The bad recorded performances stem from different factors:

  • mechanical disks are simply very bad at random read/write IO. To discover how bad they can be, simply append --sync=1 to your fio command (short story: they are incredibly bad, at least when compared to proper BBU RAID controllers or powerloss-protected SSDs);

  • RAID5 has an inherent write penalty due to stripe read/modify/write. Moreover it is strongly suggested to avoid it on multi-TB mechanical disks due to safety reasons. Having 4 disks, please seriously consider using RAID10 instead;

  • LUKS, providing software-based full-disk encryption, inevitably has its (significant) toll on both reads and writes;

  • using BTRFS, LVM is totally unnecessary. While a fat LVM-based volume will not impair performance in any meaningful way by itself, you are nonetheless inserting another IO layer and exposing yourself to (more) alignment issues;

  • finally, BTRFS itself is no particularly fast. Especially your slow sequential reads can be tracked to BTRFS horrible fragmentation (due it being CoW and enforcing 4K granularity - as a comparison, to obtain good performance from ZFS one should generally select 64K-128K records when using mechanical disks).
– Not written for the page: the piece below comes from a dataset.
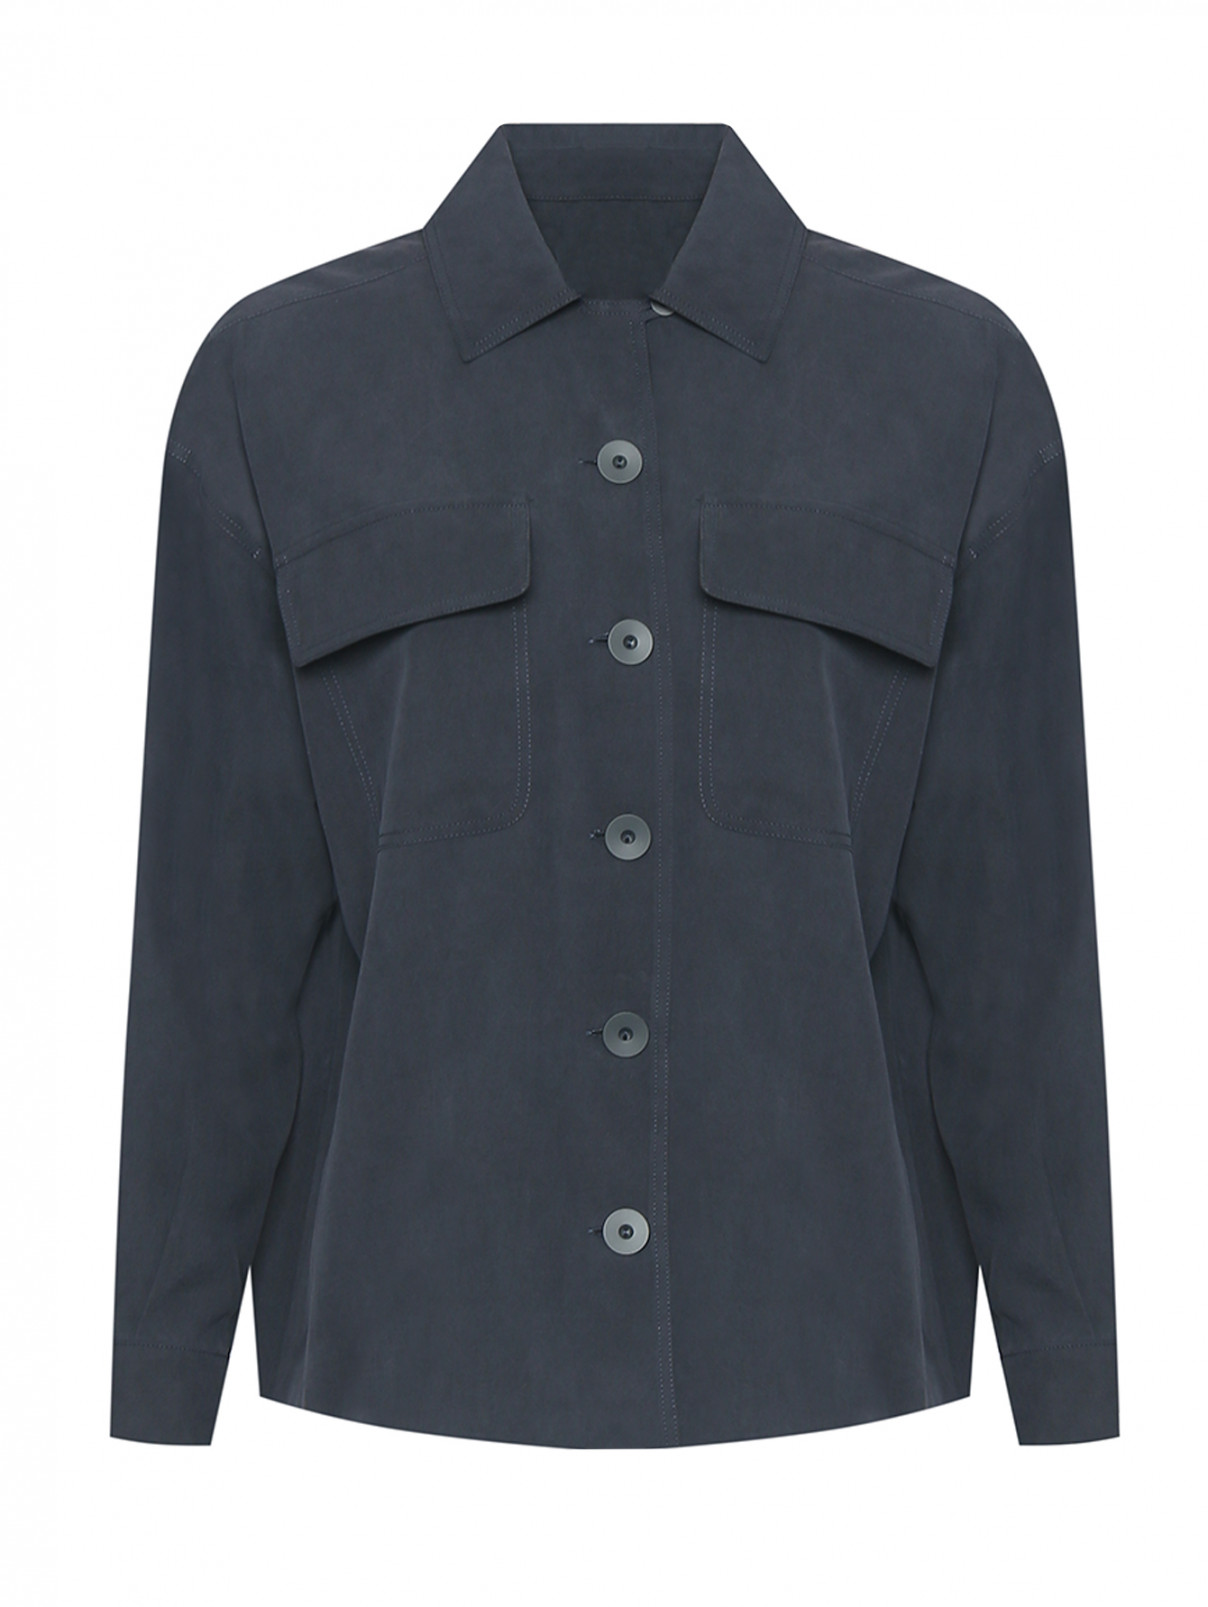 Шелковая блуза на пуговицах Max Mara  –  Общий вид  – Цвет:  Черный

To have a baseline performance comparison, I strongly suggest redoing your IO stack measuring random & sequential read/write speed at each step. In other words:

  • create a RAID10 array and run dd and fio on the raw array (without a filesystem);

  • if full-disk encryption is really needed, use LUKS to create an encrypted device and re-run dd + fio on the raw encrypted device (again, with no filesystem). Compare to previous results to have an idea of what it means performance-wise;

  • try both XFS and BTRFS (running the usual dd + fio quick bench) to understand how two different filesystems behave. If BTRFS is too slow, try replacing it with lvmthin and XFS (but remember that in this case you will lose user data checksum, for which you need yet another layer - dmintegrity - itself commanding a significant performance hit).

If all this seems a mess, well, it really is so. By doing all the above you are just scratching storage performance: one had to consider real application behavior (rather than totally sequential dd or pure random fio results), cache hit ratio, IO pattern alignment, etc. But hey - few is much better than nothing, so lets start with something basic.

cn flag
So, what would you say about having luks then lvm with plain old ext4 and removing all the fanciness, would it be better on sequencial writes and reads? I have a couple applications that use sqlite databases and also write local metadata files: radarr, sonarr, readarr, and plex for example, but all these reads makes the whole system suffer a lot. I also had a lot of trouble running commands like kubectl get pod as it creates many small files for caching, so for this I just mounted a tmpfs on that folder but doing, so I will eventually get out of memory even working with this type of ephemeral
cn flag
I mean, I have no idea why I used lvm, before I'd have used luks with mdadm and ext 4
shodanshok avatar
ca flag
without LVM you lose block-level snapshots; if your filesystem does not natively support them (ie: ext3/4, xfs, etc) you will not be able to take any snapshots. Only you can evaluate if/how much losing snapshots is important (or not). btrfs, on the other side, has build-in snapshots so it does not need LVM, but I found its performance to be quite low for anything different than a simple fileserver.
cn flag
Thank you very much! I've changed it to raid 10 and used luks + lvm + ext, and it reached 150MB/s on write
Score:1
ng flag

The short version: I think it's likely that your problem is that your benchmark is using random writes that are much smaller than your RAID chunk size.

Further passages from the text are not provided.